Key Statistical Concepts and Hypothesis Testing
Multiple Choice Section
- If p is greater than alpha in a hypothesis test, do not reject the null hypothesis.
- The form of a relationship determines the effect of the independent variable (IV) on the dependent variable (DV).
- Degrees of freedom for chi-square: (rows – 1) x (columns – 1)
- ANOVA compares the means of more than 3 groups. A t-test compares 2 groups.
- The direction of a relationship between two interval/ratio variables depends on the sign of r and b.
- The significance of a relationship determines its sample vs. population probability.
- Type I error: Wrongly rejecting a null hypothesis.
- Confidence Interval: (Point Estimate) +/- (MoE or Error Term)
- Research Hypothesis: A conjectural statement that specifies a directional relationship between two variables.
- Chi-square (X2) increases as the difference between the observed and expected frequencies increases.

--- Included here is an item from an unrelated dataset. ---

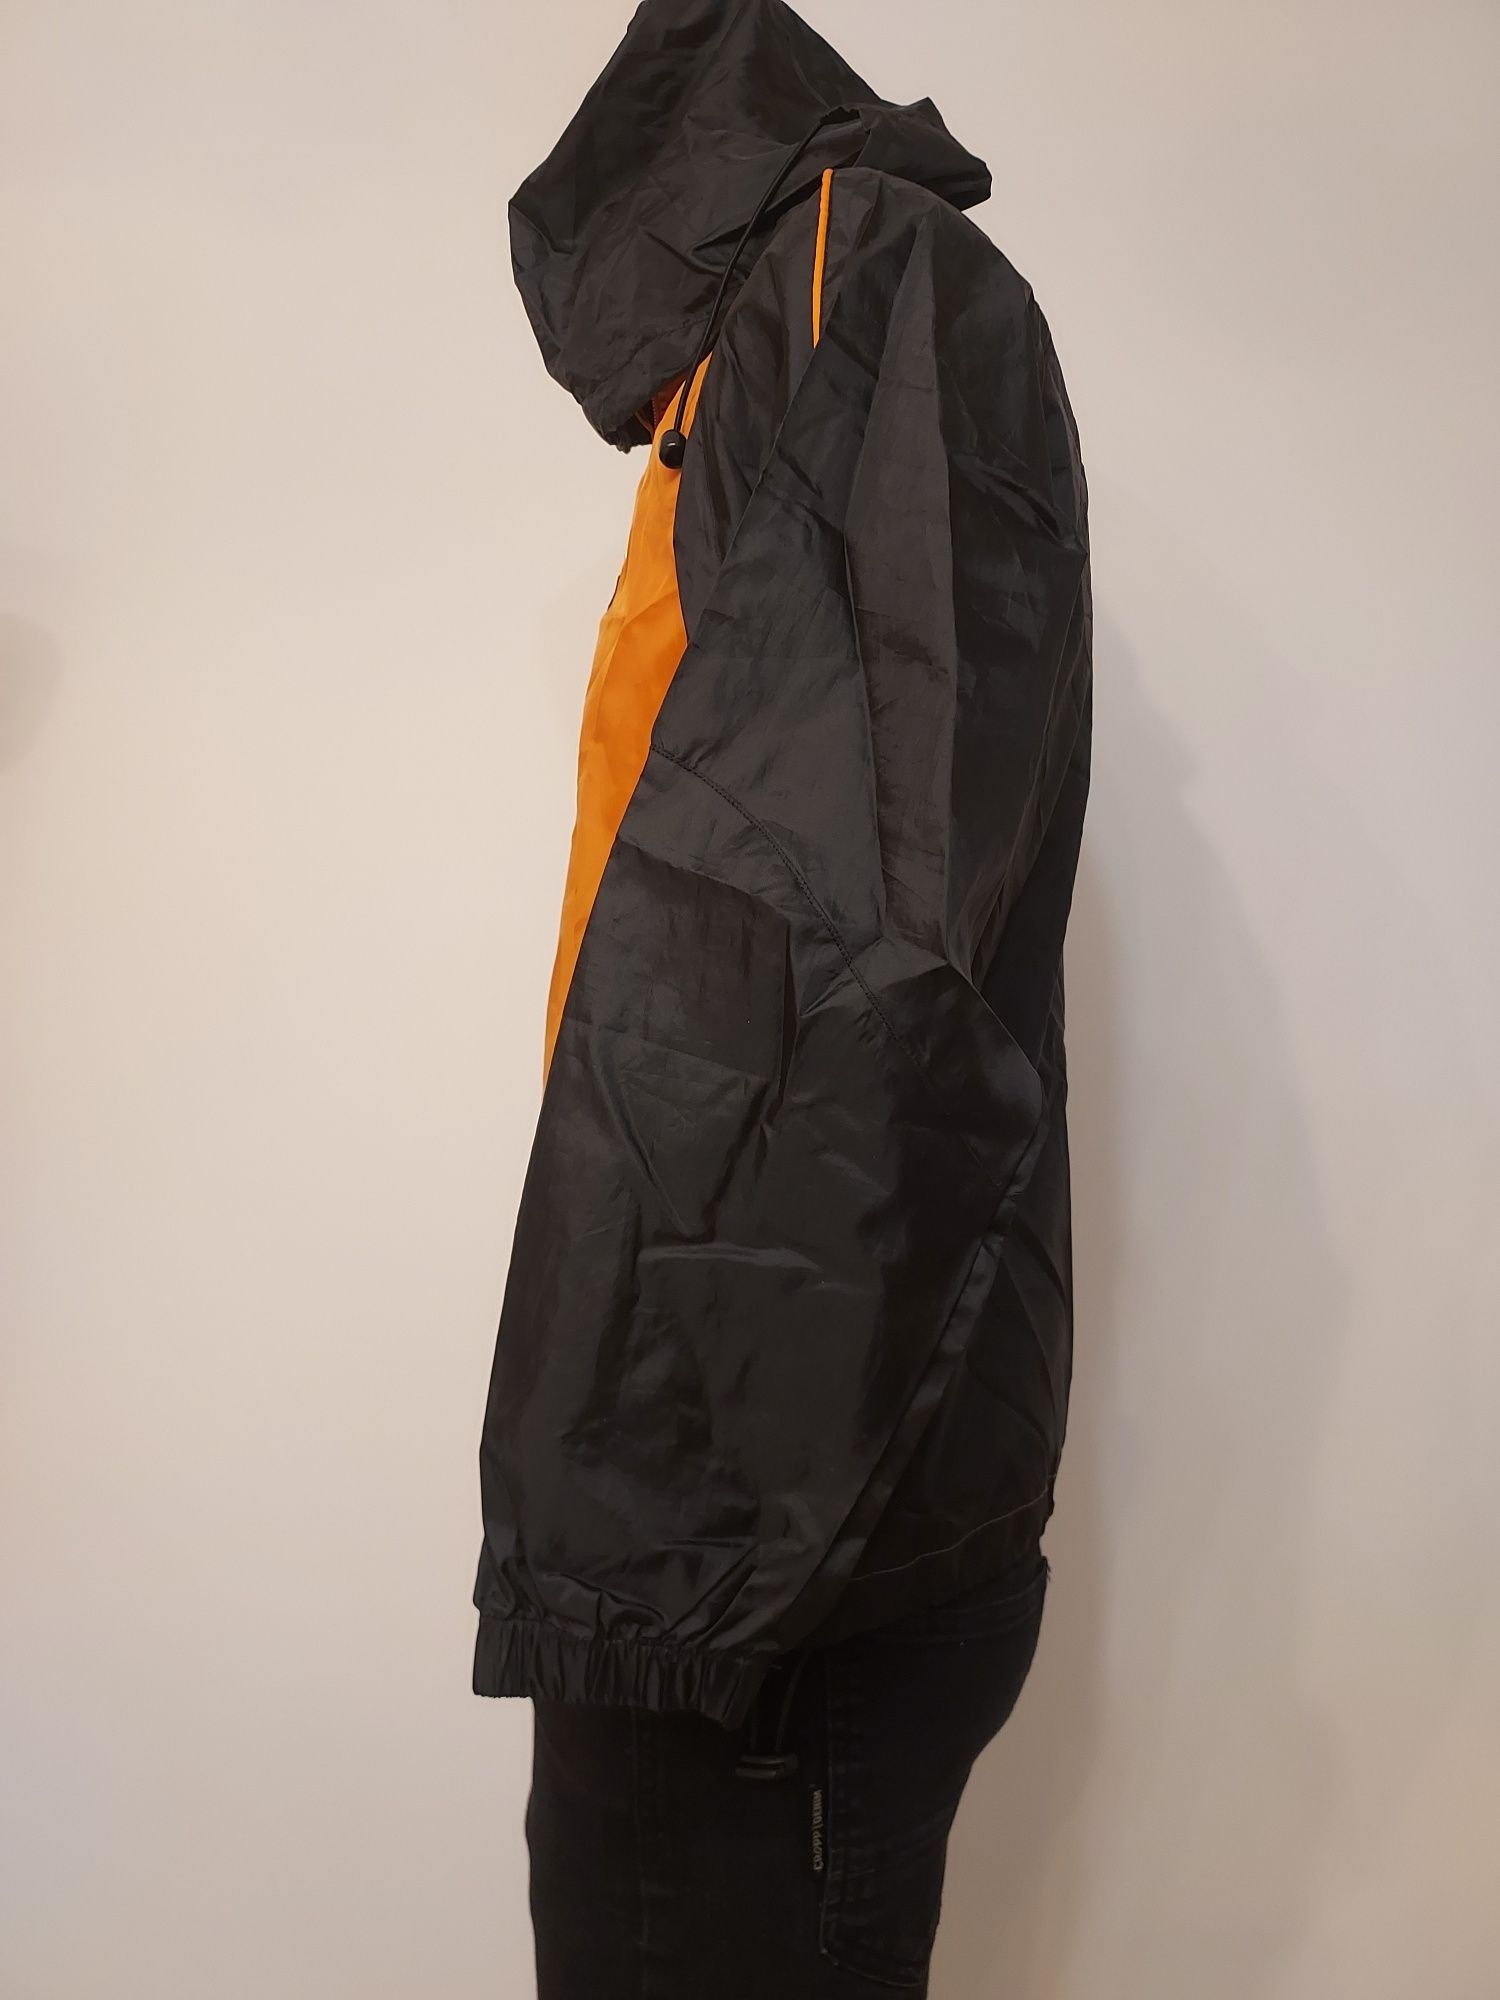 Patrick kurtka przeciwdeszczowa wiatrówka XS

A Chi-square test aims to test how well the pattern of observed frequencies fits some expected pattern of frequencies.
- The relationship between the IV and DV on the regression line is called the slope.
- Parsimony is the idea that the simplest solution is best. Also called Occam’s Razor.

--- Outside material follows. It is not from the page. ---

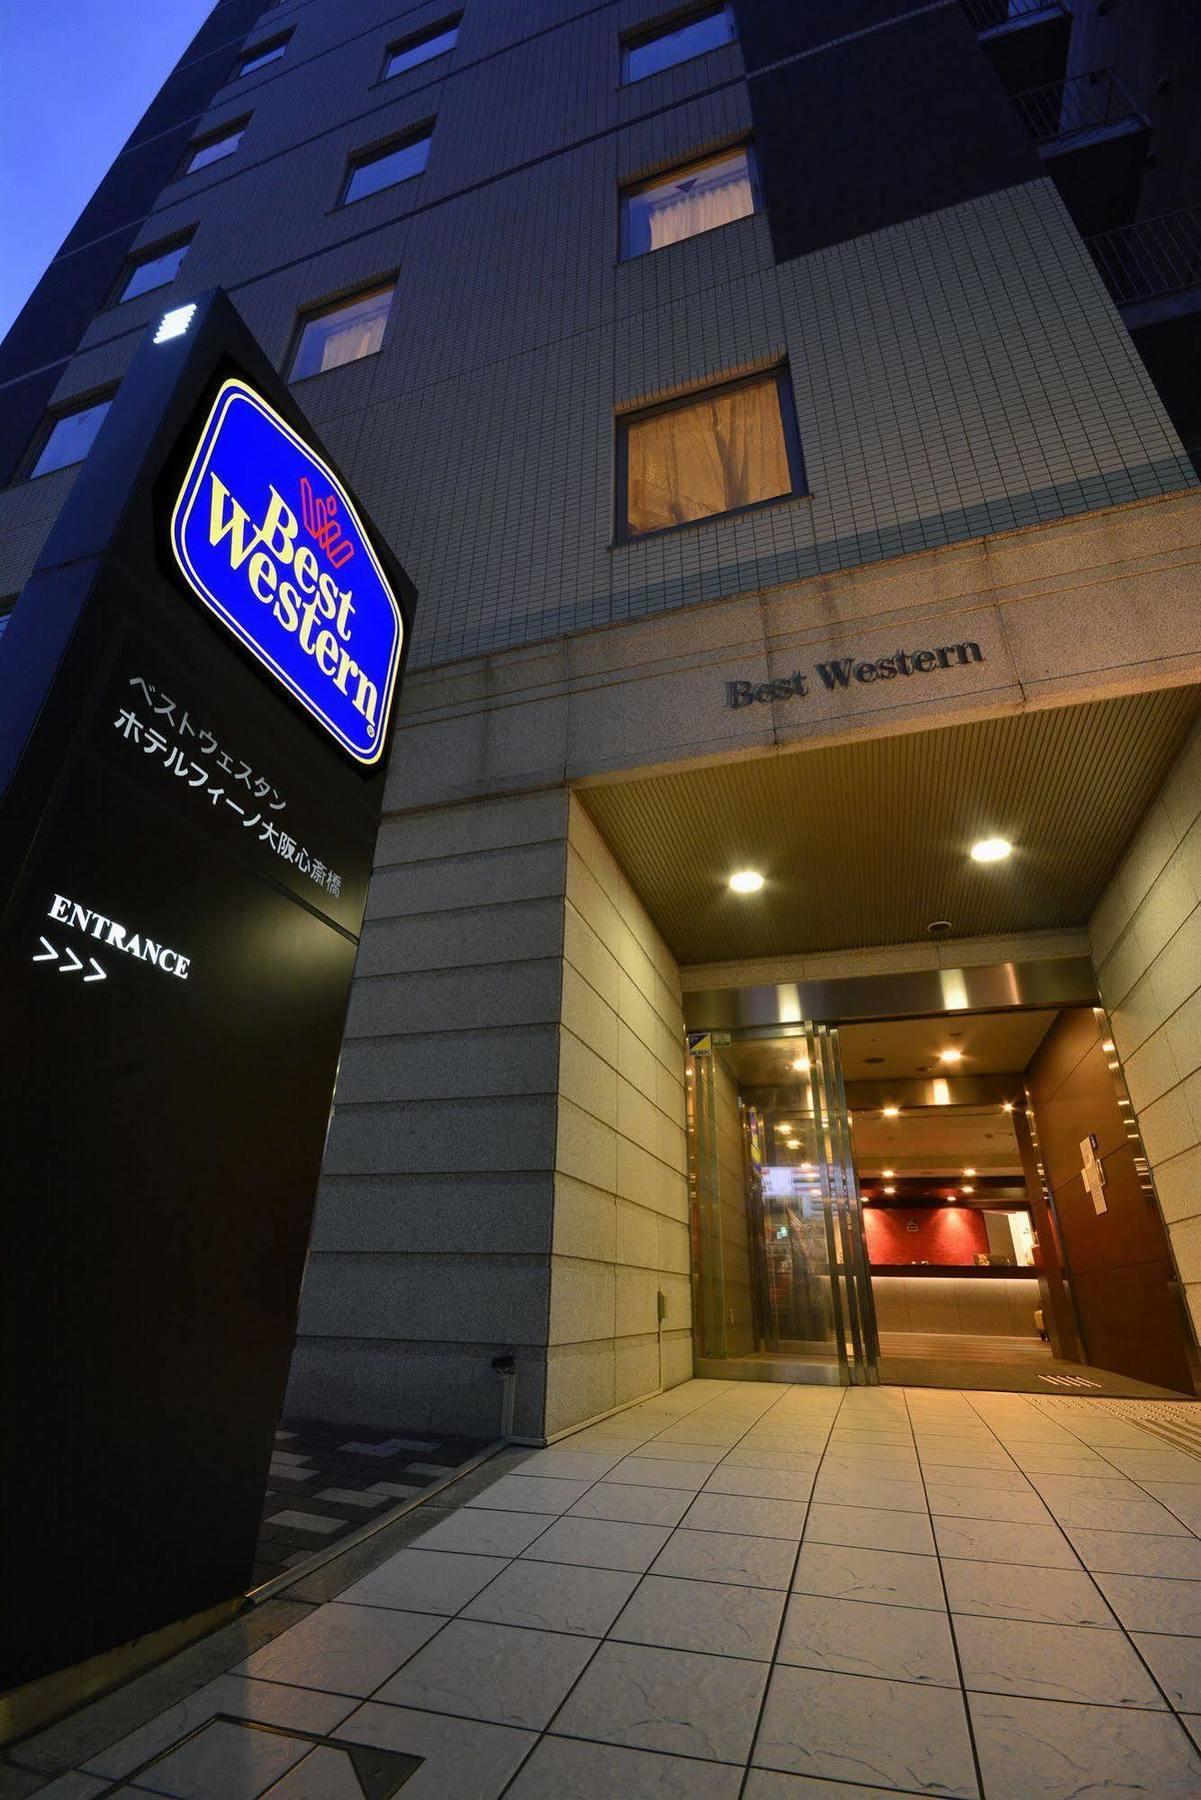 Best Western Hotel Fino Osaka Shinsaibashi Extérieur photo

- The regression line is the line of best fit in X vs. Y.
- The Law of Large Numbers: The larger the sample size, the smaller the standard error.
- Expected Value: [(Total Column) x (Total Row)] / Total All
Essay Terms
Lambda: Lambda is a proportional reduction of error (PRE) measure of association. It tells us the proportion of variation in the values of the dependent variable that can be explained when we know the values of the independent variable. It is used to determine the degree of association of cross-tabulations when one or both of the variables are measured at the nominal level. We should not use Lambda because when we have the same modal category of the DV showing up across all categories of the IV, Lambda will always equal 0. As a result, we use Cramer’s V or Phi to measure association for nominal-level data, which is based on the X2 distribution.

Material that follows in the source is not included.